I was in Gettysburg to go to the Boyd’s Bears store before it completely closes. On the way back, we needed to stop for a bite to eat, so I drove through the town of Gettysburg rather than around it on the highway. As we were passing the old visitor center, I spotted a marker with a distinctive blue-gray dull finish.
“That’s a zinker!” We pulled into a parking lot to do another swing by the monument and confirm that it wasn’t a trick of the light.
I have lost count of the number of times I have gone to Gettysburg. I have driven in and out of the old visitor’s center parking lot dozens of times, and yet, right by the one entrance, I had never noticed a rather short little zinker, even after I started seriously reading about monuments.

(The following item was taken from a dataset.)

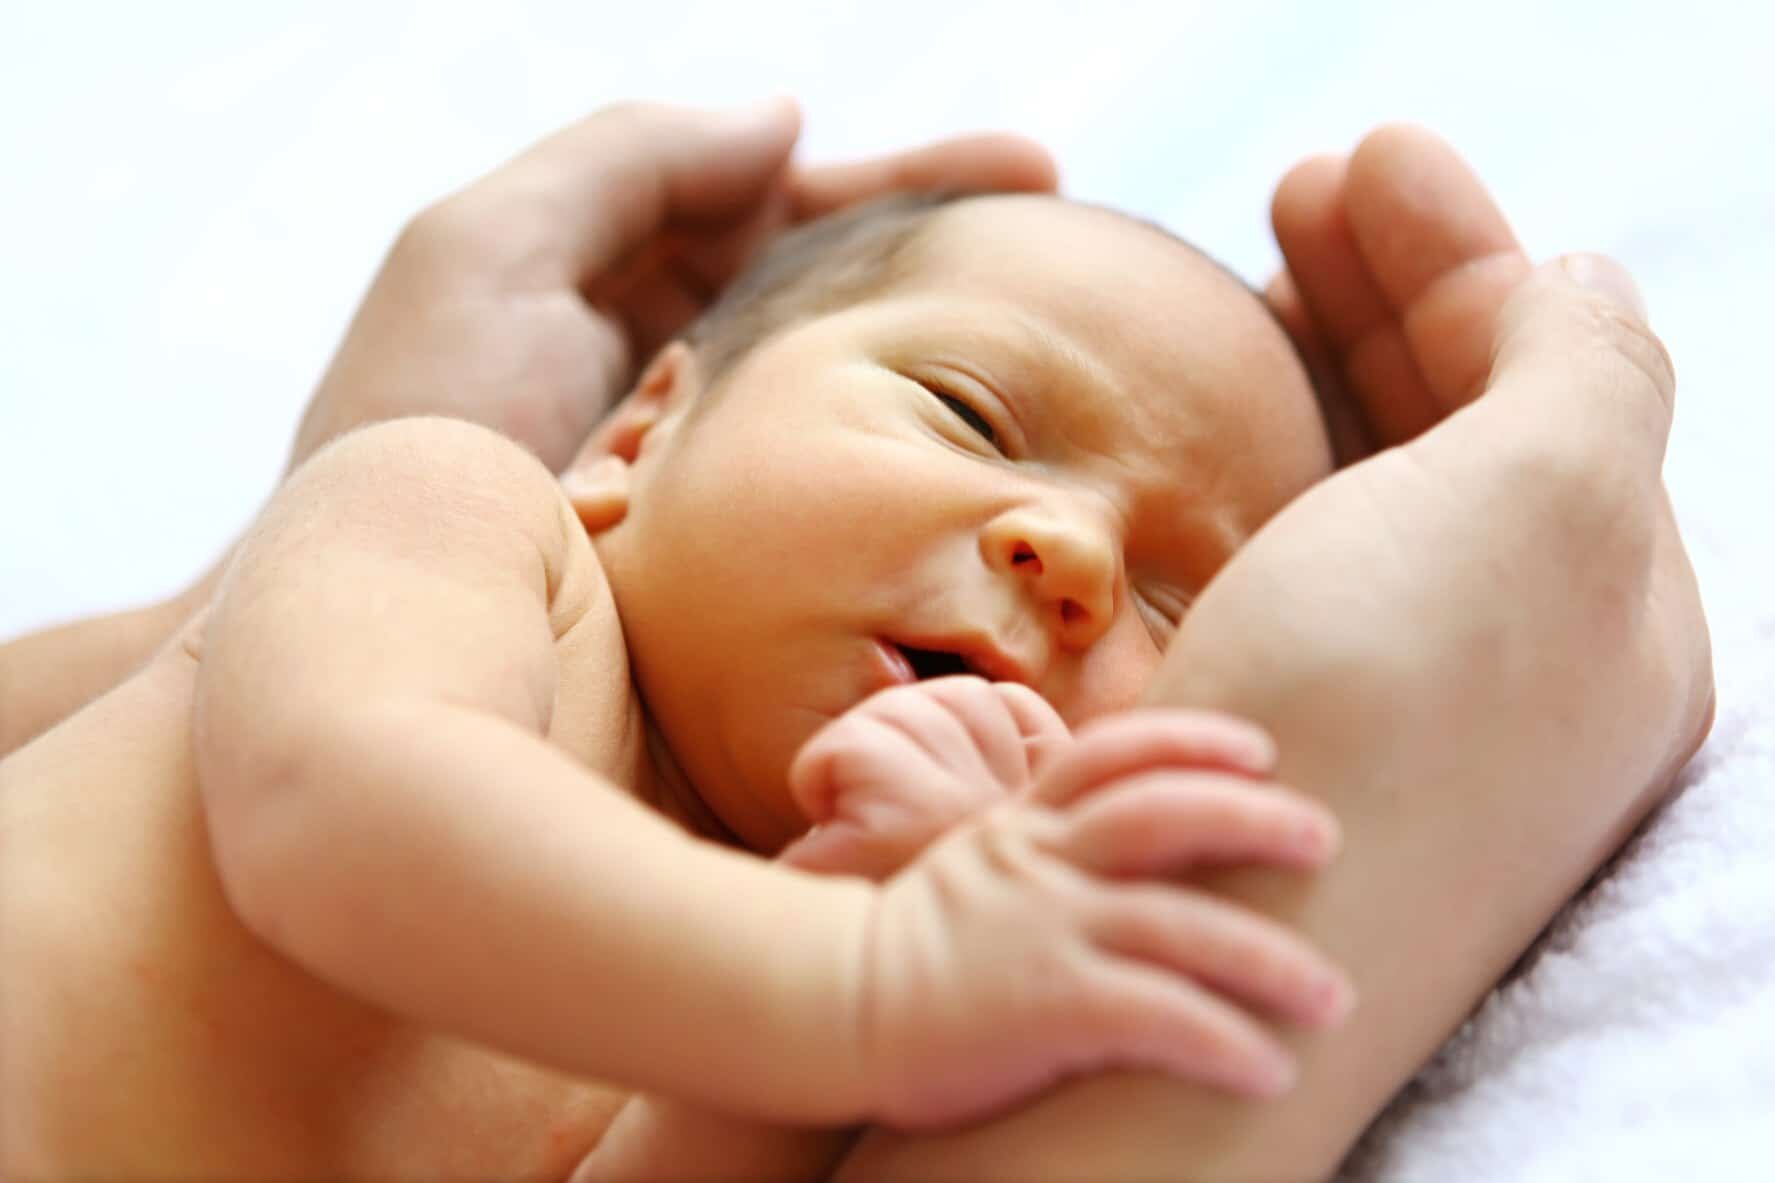 Baby care and infant health guidelines

I pulled into the empty parking lot for General Pickett’s Buffet, which is the way I would recommend locating this marker if you want to – it is on the corner at the entrance to the old visitor’s center directly across from General Pickett’s Buffet on Steinwehr Avenue.
I had read on some of the websites about the Monumental Bronze Company that, in addition to grave markers, they also had created some cities’ Civil War monuments, but I had never seen one. And here in front of me was a zinker, about 8 feet high from my own current home state of Ohio. Instead of names and birth and death years for the deceased, the rectangular plaques at the base of the obelisk displayed details of the unit’s participation in the battle. War imagery like the symbol of the Second Corps and a cartridge box replaced funerary symbols. The flank markers, approximating the right and left terminals of the unit’s position, were also zinkers.